Sender: linux-acpi-owner@vger.kernel.org
Precedence: bulk
List-ID: <linux-acpi.vger.kernel.org>
X-Mailing-List: linux-acpi@vger.kernel.org

I think there is something I totally forgot about:

When there was never a driver bound to the GPU, and if runtime power
management gets enabled on that device, runtime suspend/resume works
as expected (I am not 100% sure on if that always works, but I will
recheck that).
In the past I know that at some point I "bisected" the nouveau driver
to figure out what actually breaks it and found out that some script
executed with the help of an on-chip engine (signed script, signed
firmware, both vbios provided) makes it break. Debugging the script
lead me to the PCIe link speed changes done inside the script breaking
it.

But as "reverting" the speed change didn't make it work reliably
again, I think I need to get back on that and check if it's something
else. I will try to convert the script into C or python code to make
it more accessible to debug and hopefully I'll find something I
overlooked the last time.

On Mon, Oct 21, 2019 at 6:40 PM Karol Herbst <kherbst@redhat.com> wrote:
>
> On Mon, Oct 21, 2019 at 5:46 PM Mika Westerberg
> <mika.westerberg@intel.com> wrote:
> >
> > On Mon, Oct 21, 2019 at 04:49:09PM +0200, Karol Herbst wrote:
> > > On Mon, Oct 21, 2019 at 4:09 PM Mika Westerberg
> > > <mika.westerberg@intel.com> wrote:
> > > >
> > > > On Mon, Oct 21, 2019 at 03:54:09PM +0200, Karol Herbst wrote:
> > > > > > I really would like to provide you more information about such
> > > > > > workaround but I'm not aware of any ;-) I have not seen any issues like
> > > > > > this when D3cold is properly implemented in the platform.  That's why
> > > > > > I'm bit skeptical that this has anything to do with specific Intel PCIe
> > > > > > ports. More likely it is some power sequence in the _ON/_OFF() methods
> > > > > > that is run differently on Windows.
> > > > >
> > > > > yeah.. maybe. I really don't know what's the actual root cause. I just
> > > > > know that with this workaround it works perfectly fine on my and some
> > > > > other systems it was tested on. Do you know who would be best to
> > > > > approach to get proper documentation about those methods and what are
> > > > > the actual prerequisites of those methods?
> > > >
> > > > Those should be documented in the ACPI spec. Chapter 7 should explain
> > > > power resources and the device power methods in detail.
> > >
> > > either I looked up the wrong spec or the documentation isn't really
> > > saying much there.
> >
> > Well it explains those methods, _PSx, _PRx and _ON()/_OFF(). In case of
> > PCIe device you also want to check PCIe spec.
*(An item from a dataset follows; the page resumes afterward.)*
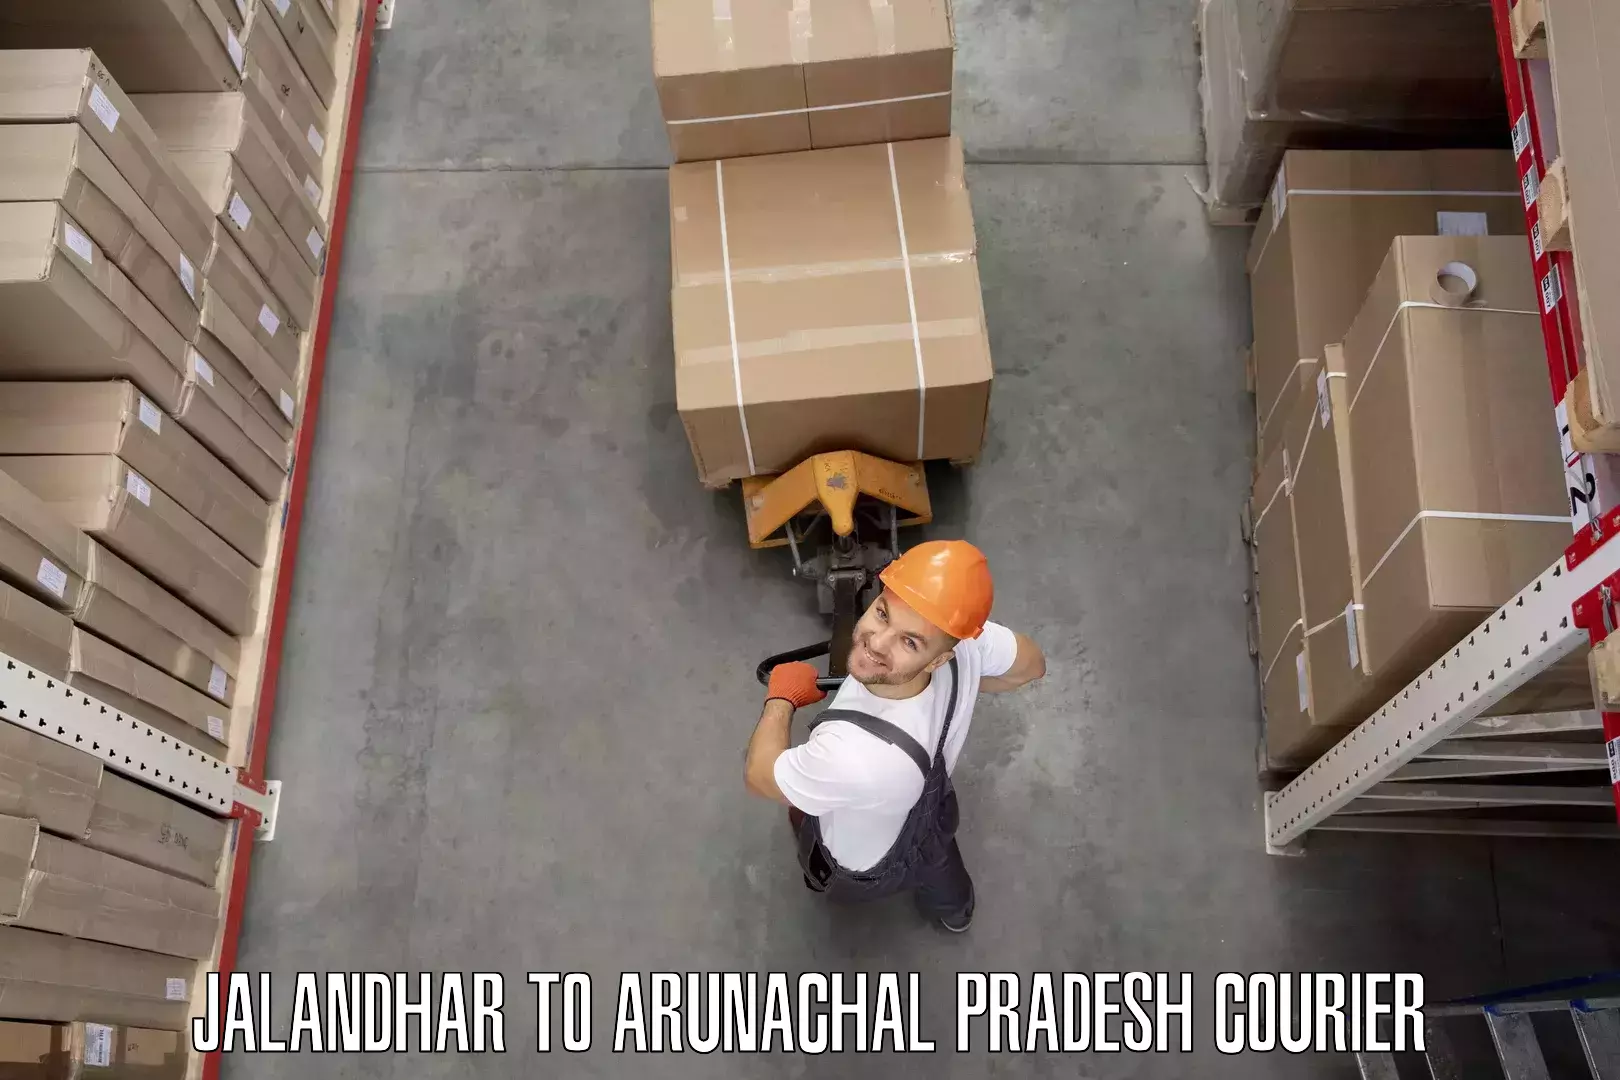 Furniture moving service Jalandhar to Arunachal Pradesh
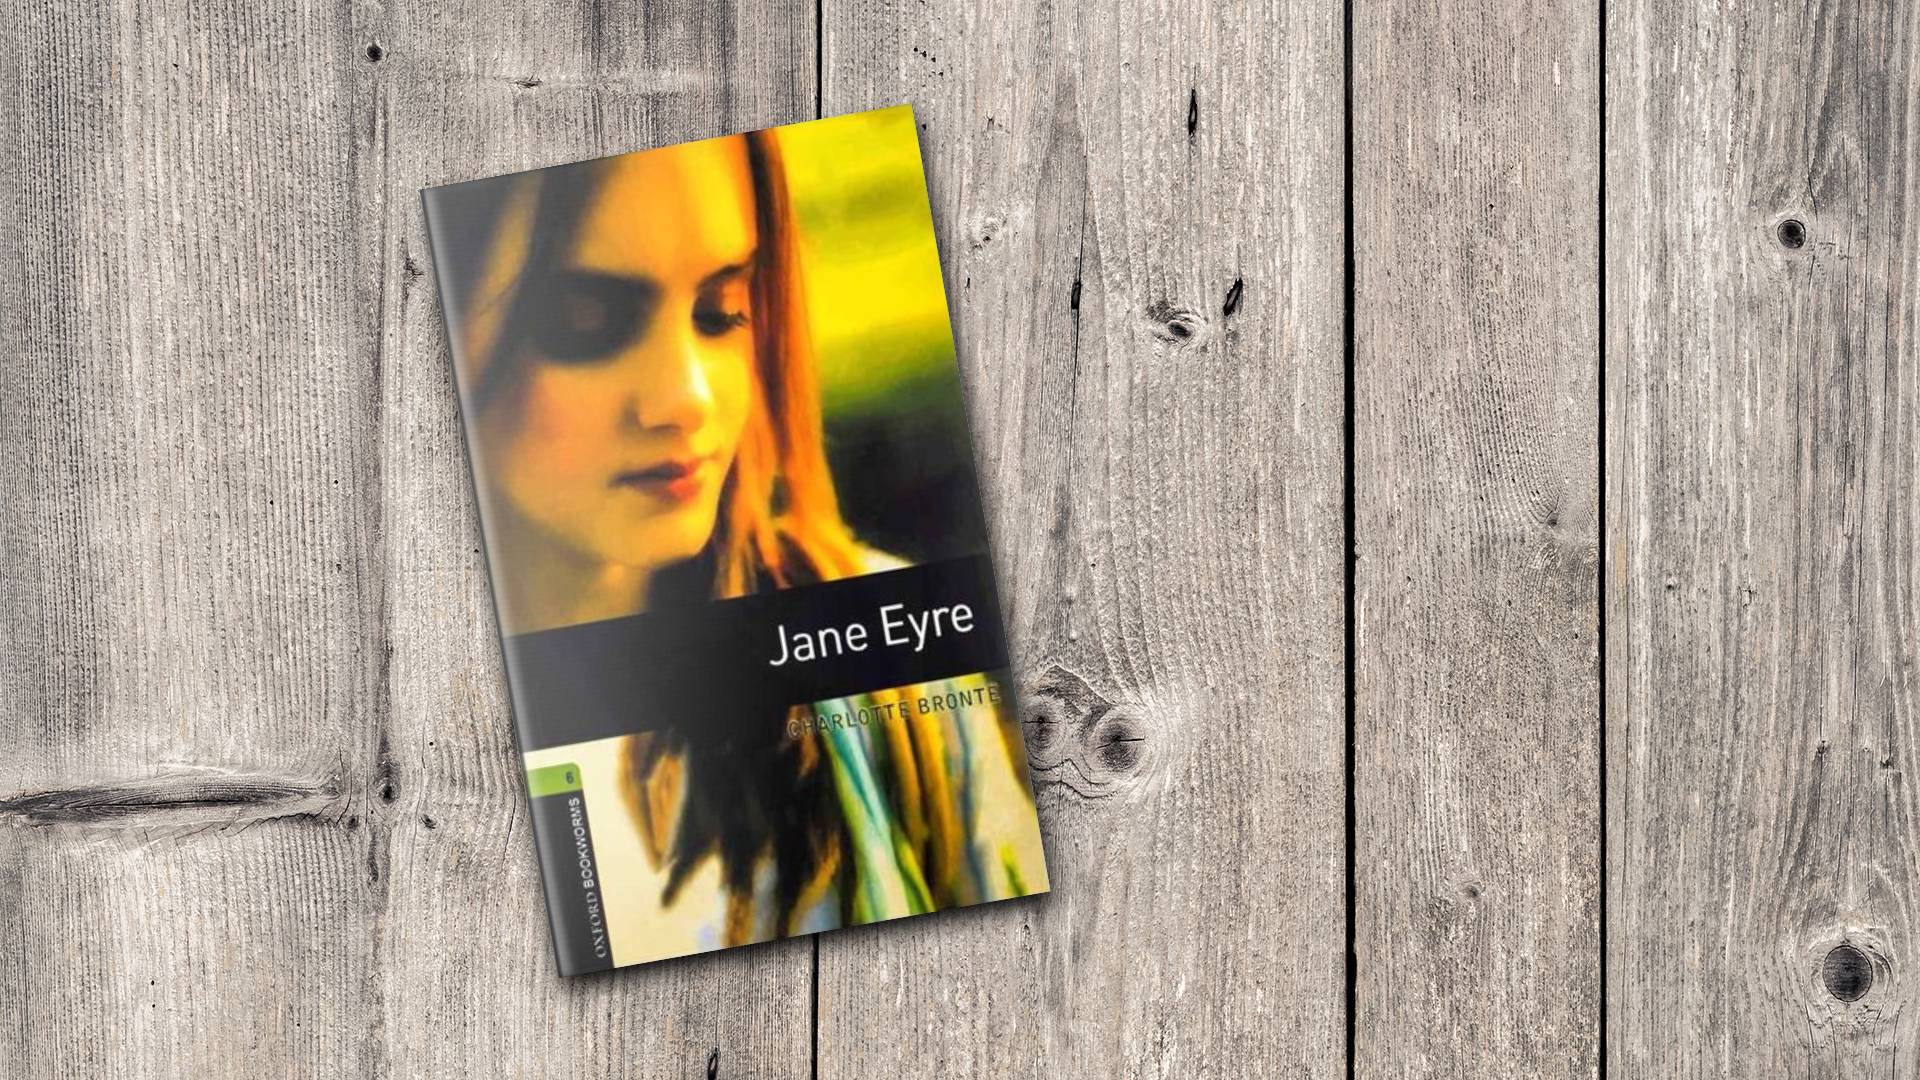 خرید کتاب داستان کوتاه انگلیسی | فروشگاه اینترنتی کتاب زبان | Oxford Bookworms 6 Jane Eyre | آکسفورد بوک ورمز شش جین ایر

PCIe 5.0 section 5.8 "PCI
> > Function Power State Transitions" has a picture about the supported
> > power state transitions and there we can find that function must be in
> > D3hot before it can be transitioned into D3cold so if the _OFF() for
> > example blindly assumes that the device is in D0 when it is called, it
> > is a bug in the BIOS.
> >
> > BTW, where can I find acpidump of such system?
>
> I am sure it's uploaded somewhere already. But it's not an issue of
> just one system. It's essentially hitting every single laptop with a
> skylake or kaby lake CPU + Nvidia GPU. I didn't see any system where
> it's actually working right now (and we are pestering nvidia about
> this issue for over a year already with no solution)
>
> I've attached an acpidump from my system.